What you will do.
Write out again, word for word, the lines below from the line that holds "Euro coins and notes Stock Photo" through the line that holds "Germany, Gallengrotte cave", omitting pictures.

Records for the task below:

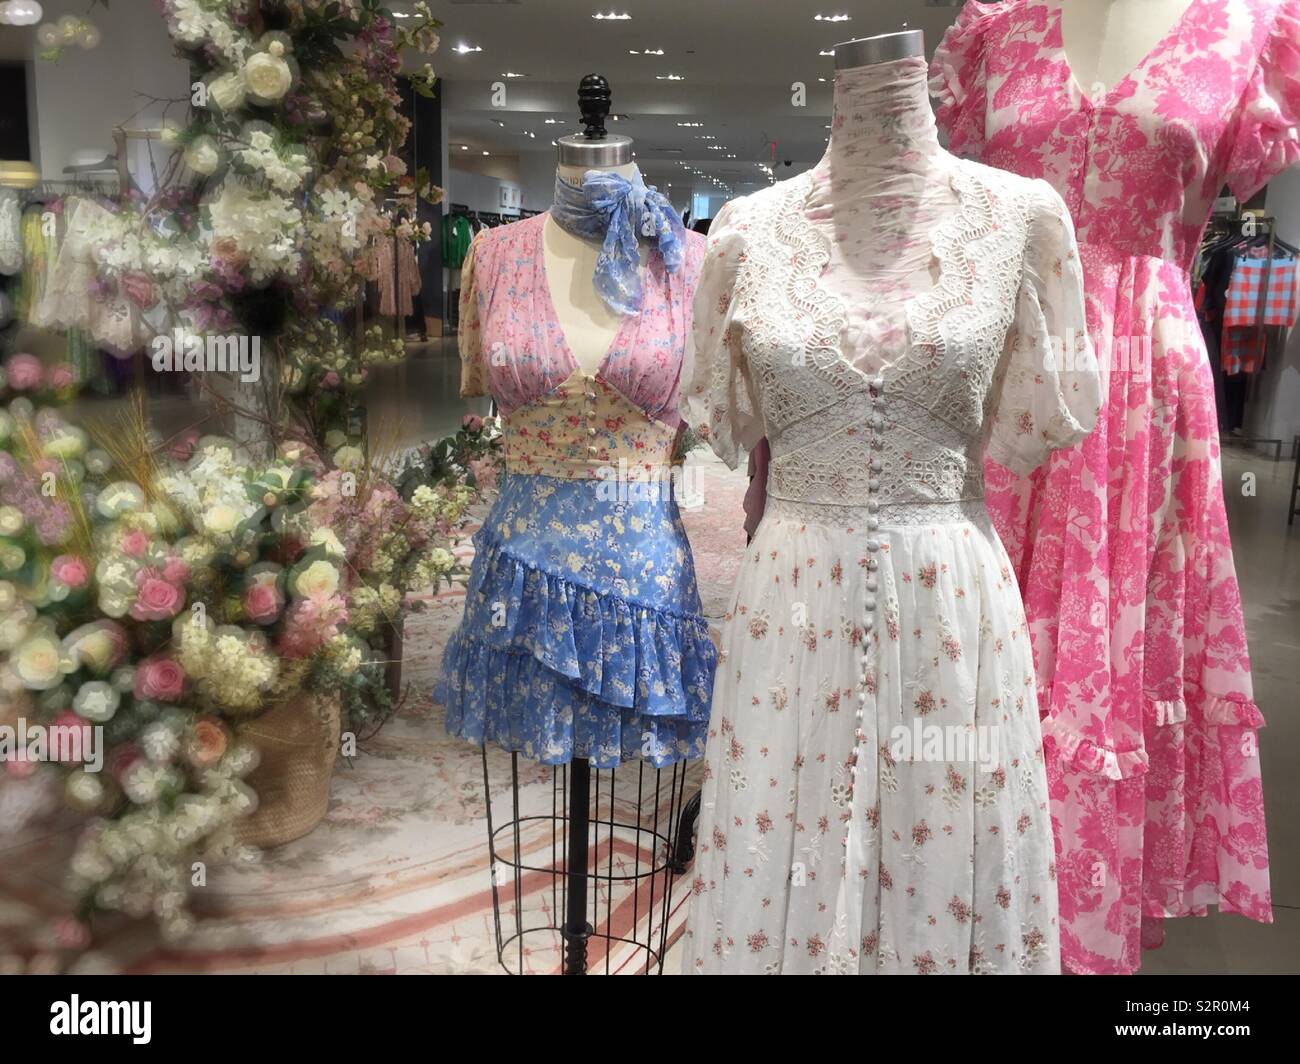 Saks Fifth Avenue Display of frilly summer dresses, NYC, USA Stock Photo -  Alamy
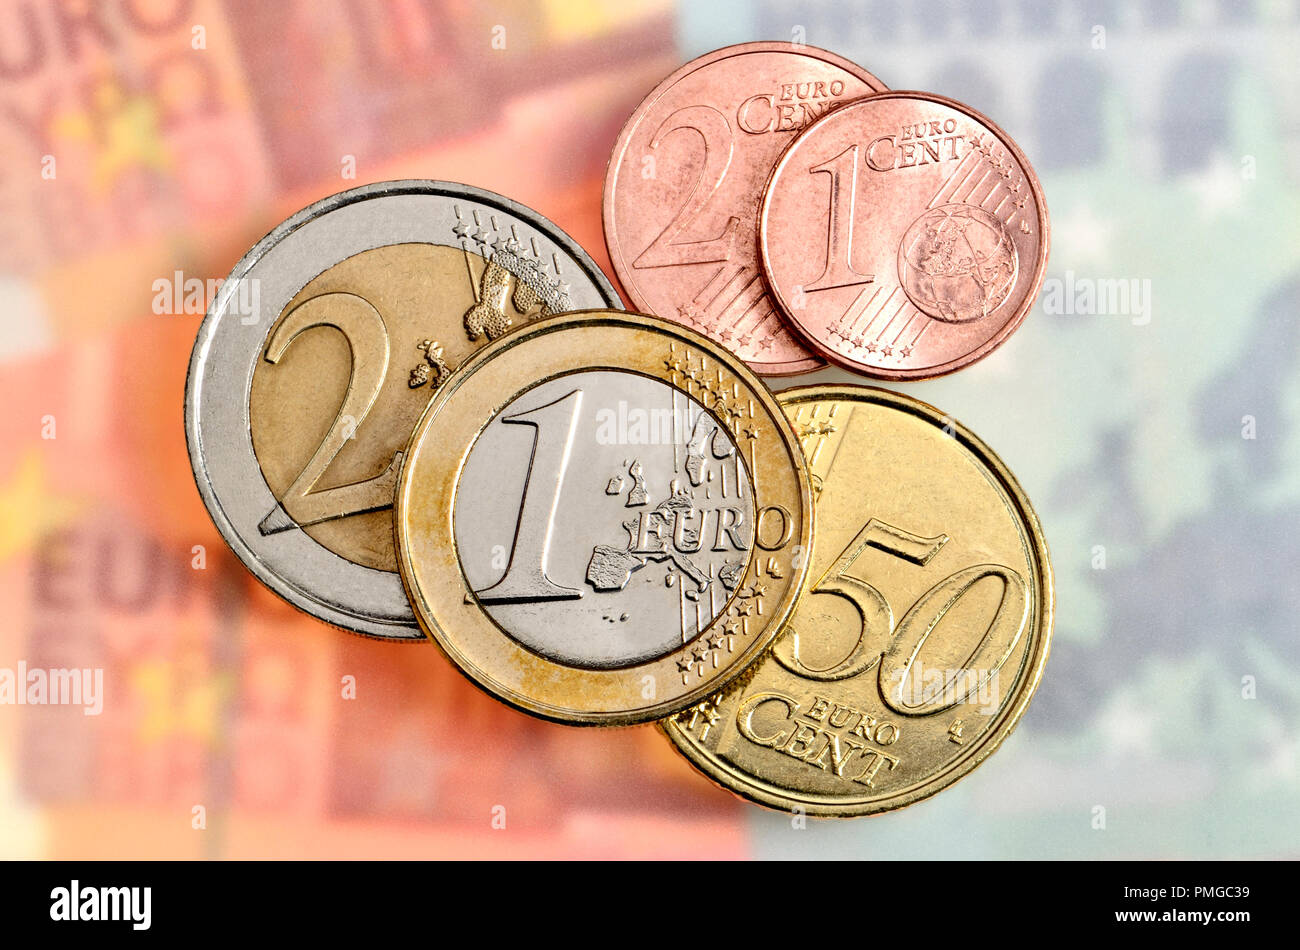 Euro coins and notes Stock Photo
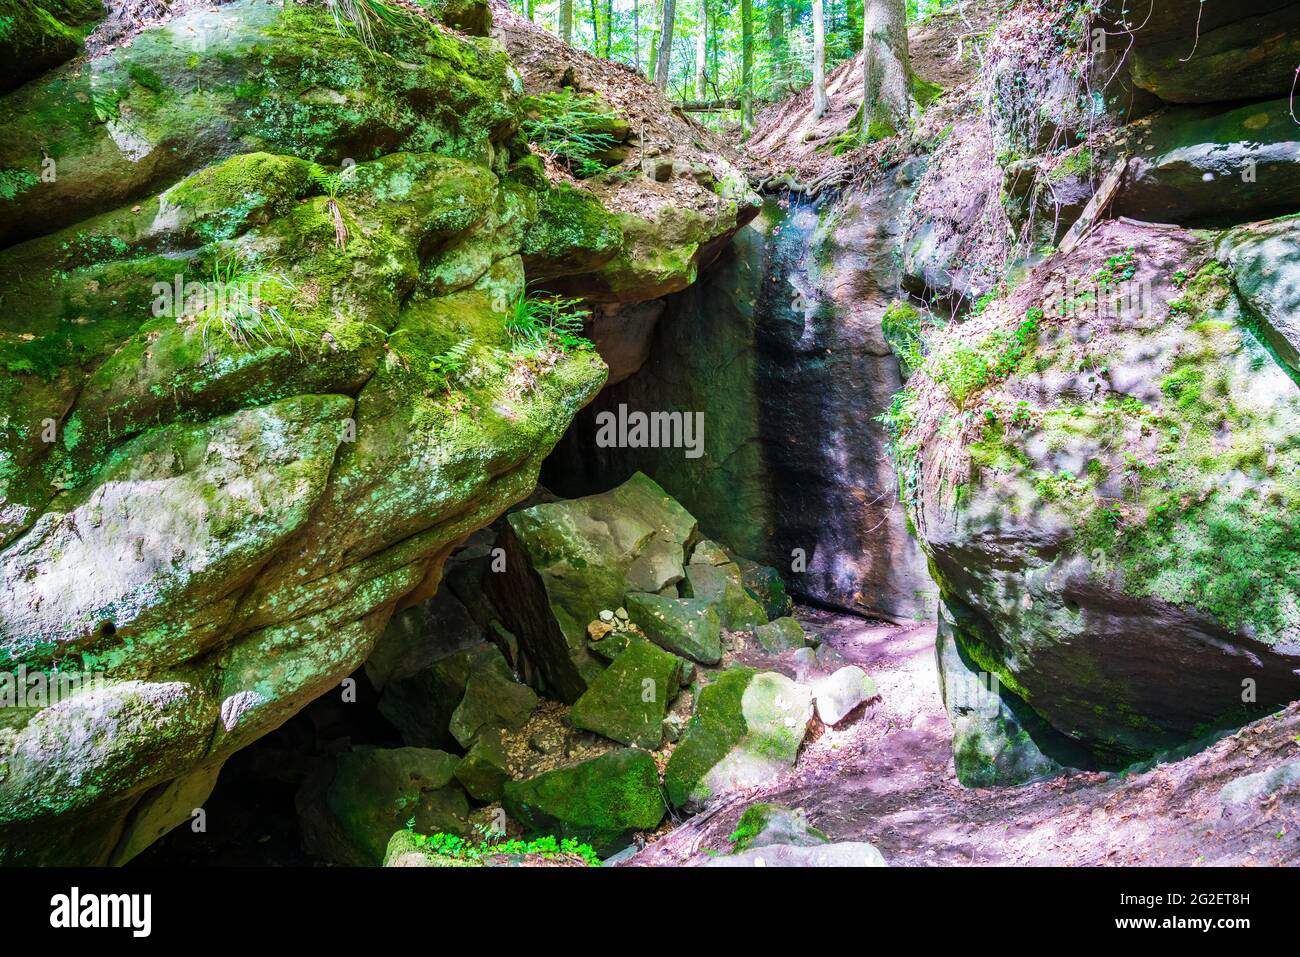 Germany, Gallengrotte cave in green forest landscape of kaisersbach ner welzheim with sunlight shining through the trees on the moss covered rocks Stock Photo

End of Records for the task.
Records for the task below:

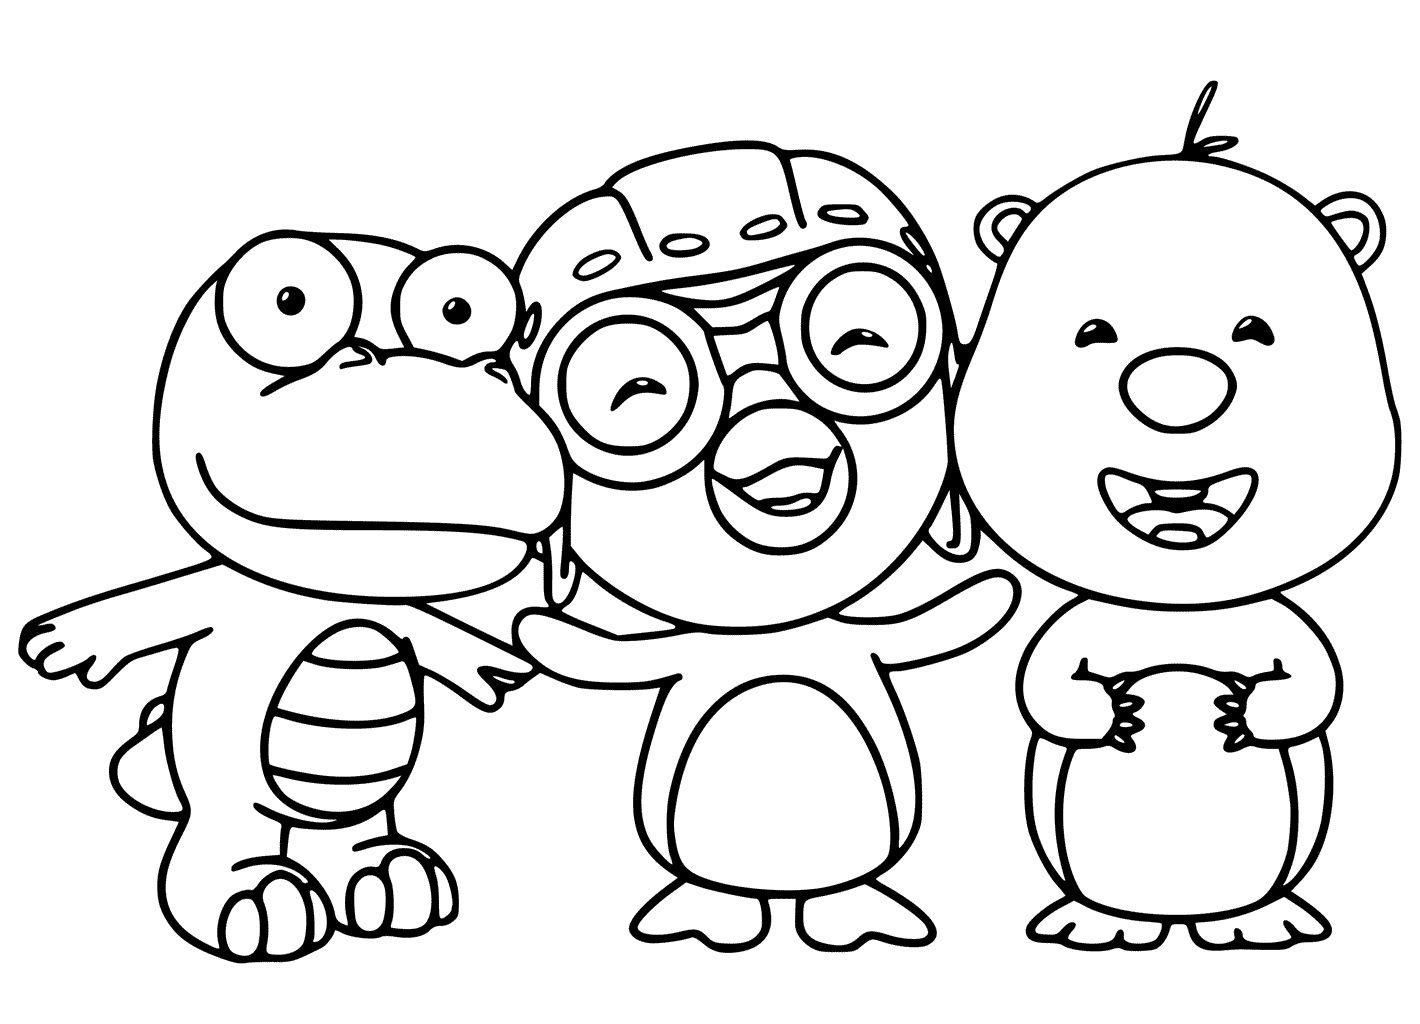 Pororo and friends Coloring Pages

End of Records for the task.
Records for the task below:

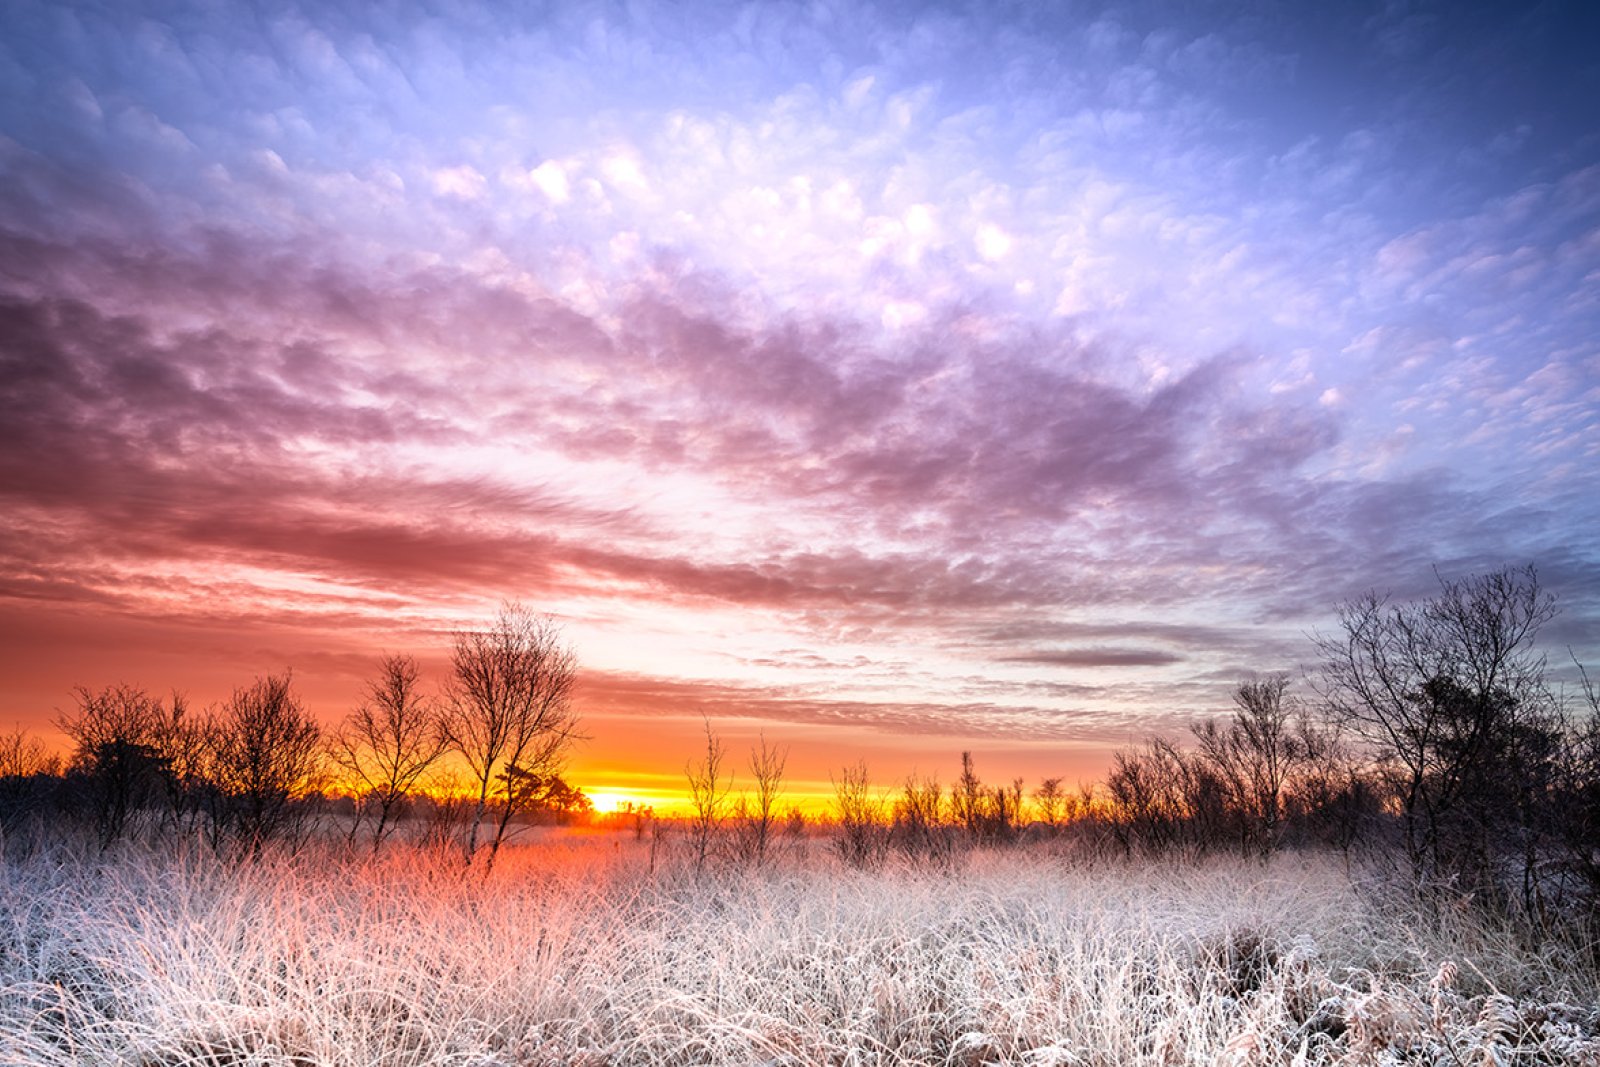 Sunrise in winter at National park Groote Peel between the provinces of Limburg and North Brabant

End of Records for the task.

Exercise solution.
 Euro coins and notes Stock Photo
 Germany, Gallengrotte cave in green forest landscape of kaisersbach ner welzheim with sunlight shining through the trees on the moss covered rocks Stock Photo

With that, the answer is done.